Джек Линдсей - Адам нового мира. Джордано Бруно
Он стал перелистывать альбом, рассматривая цветные рисунки щитов и геральдических гербов, читая автографы и девизы. На каждой странице мелькали громкие имена: тут были автографы принцев, кардиналов, аббатов, капитанов, написанные с небрежными росчерками, как и полагается для надписей manu propria[149]... Некоторые гравюры были прекрасно исполнены. Бруно заинтересовался гербом Лоренцо Второго, настоятеля Лилиенфельдского монастыря в Австрии. Надпись гласила: «Monasterium campililiorum»[150]. Бруно смутно помнил это «Поле лилий». Рисунок был очень хорош. В центре — митра и посох, и на лазоревом фоне бледным золотом три цветка лилии. По бокам — две женские фигуры, Надежда и Вера, обнажённые, — у Надежды сквозь прозрачную вуаль был виден живот и ещё многое другое, Вера не столь откровенно выставляла напоказ свои прелести.
В душе Бруно опять проснулось желание удалиться от мира. Долина лилий, Телемское аббатство, стойкая надежда и твёрдая вера. Он перелистывал страницу за страницей. Мелькали девизы, написанные различным шрифтом: «Spes mea Christus», «Amor omnia vincit», «Tendit ad ardua viritus», «Tout avec le temps»[151]. Эти девизы словно выражали волновавшие его мысли, все они, за исключением одного религиозного, были как будто нарочно подобраны. «Spes mea Christus» — Христос моя надежда. А что написал бы он, Бруно, вместо «Христос»? «Ego»[152]? Похоже на банальное тщеславие. Скорее: «Omnia, Unitas, Causa, Natura, Natura in me, ego in societate»[153]. Вот исчерпывающая формула!
— Но у меня нет фамильного герба, — сказал он. — Я сын бедного солдата.

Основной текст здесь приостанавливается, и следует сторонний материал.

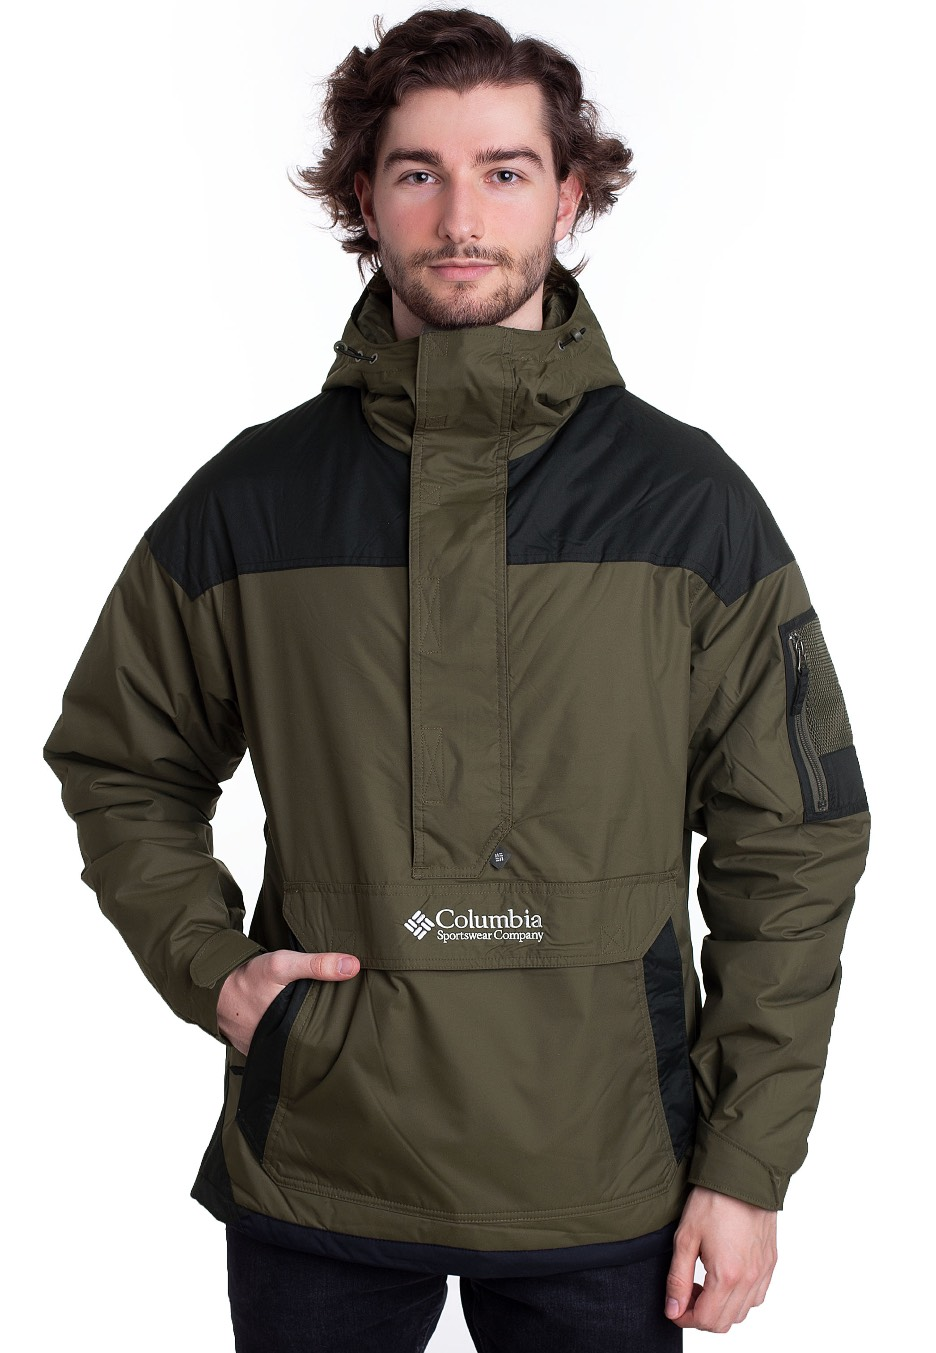 Columbia Challenger PeatmossBlack Jacket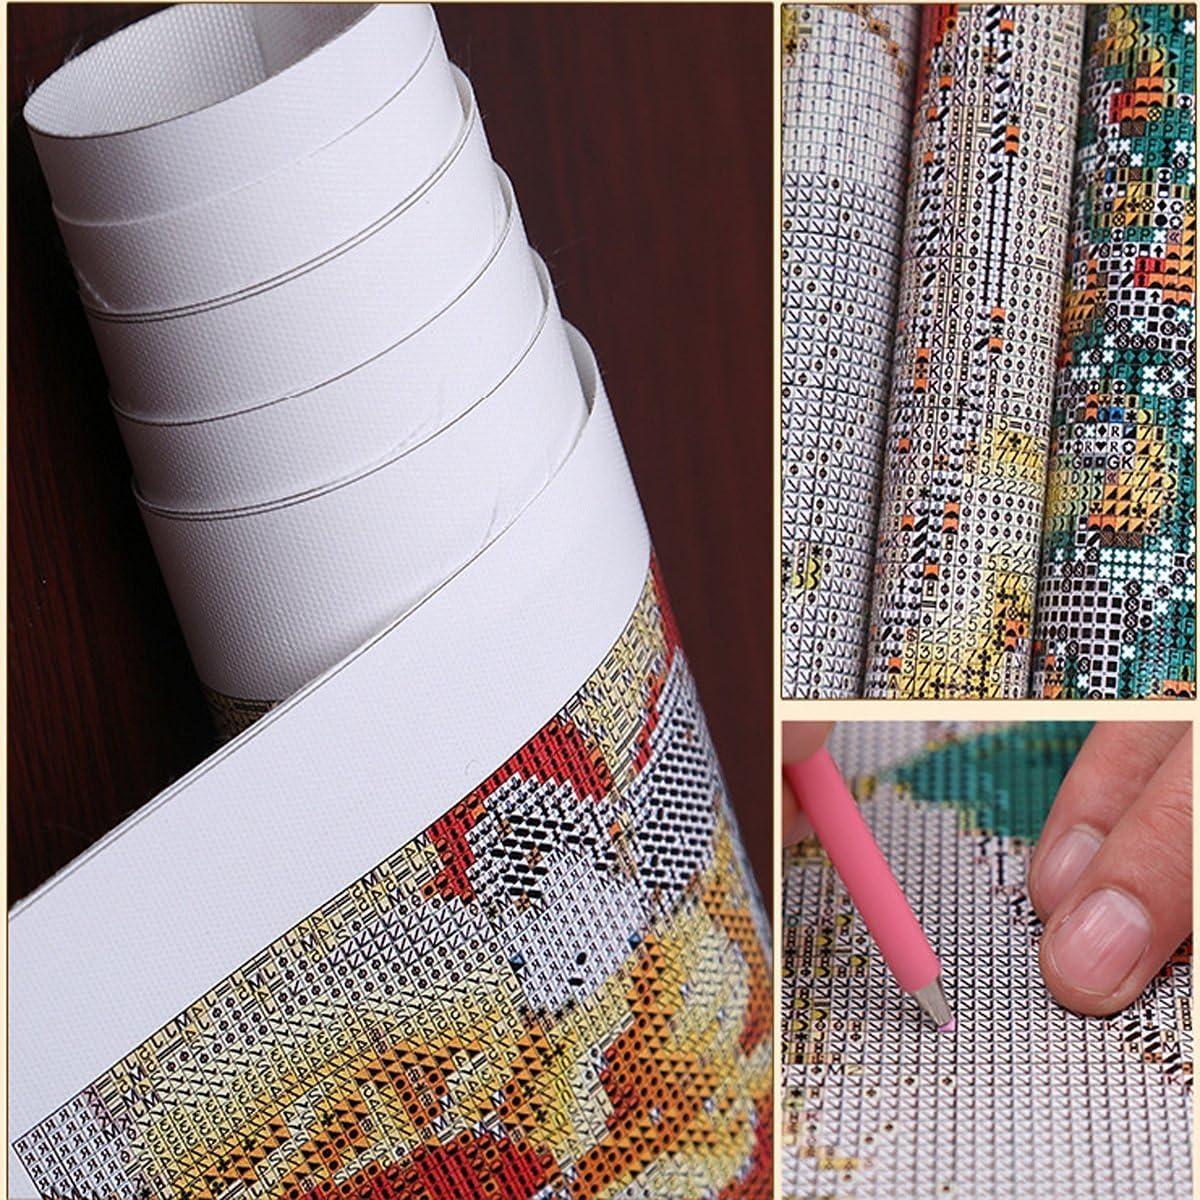 12X12inch//30X30CM Blxecky 5D DIY Diamond Painting By Number Kits,bridge

Ему было трудно сказать это, но он был рад, что сказал. Ему показалось, что все от него отшатнулись, но он понимал, что это его фантазия. Хотелось продолжать, испортить все словами: «Но дядя мой, у которого я жил в Неаполе, — довольно крупный фабрикант бархата». Сказать это — значило бы сделать себя поистине смешным, уничтожить достоинство открытого признания. Всё же ему стоило некоторых усилий не сказать этого, не похвастать общественным положением и богатством Агостино Бруно. Он начинал испытывать чувство какой-то неприязни ко всем присутствующим, кроме художника да Понте, молча сидевшего в стороне.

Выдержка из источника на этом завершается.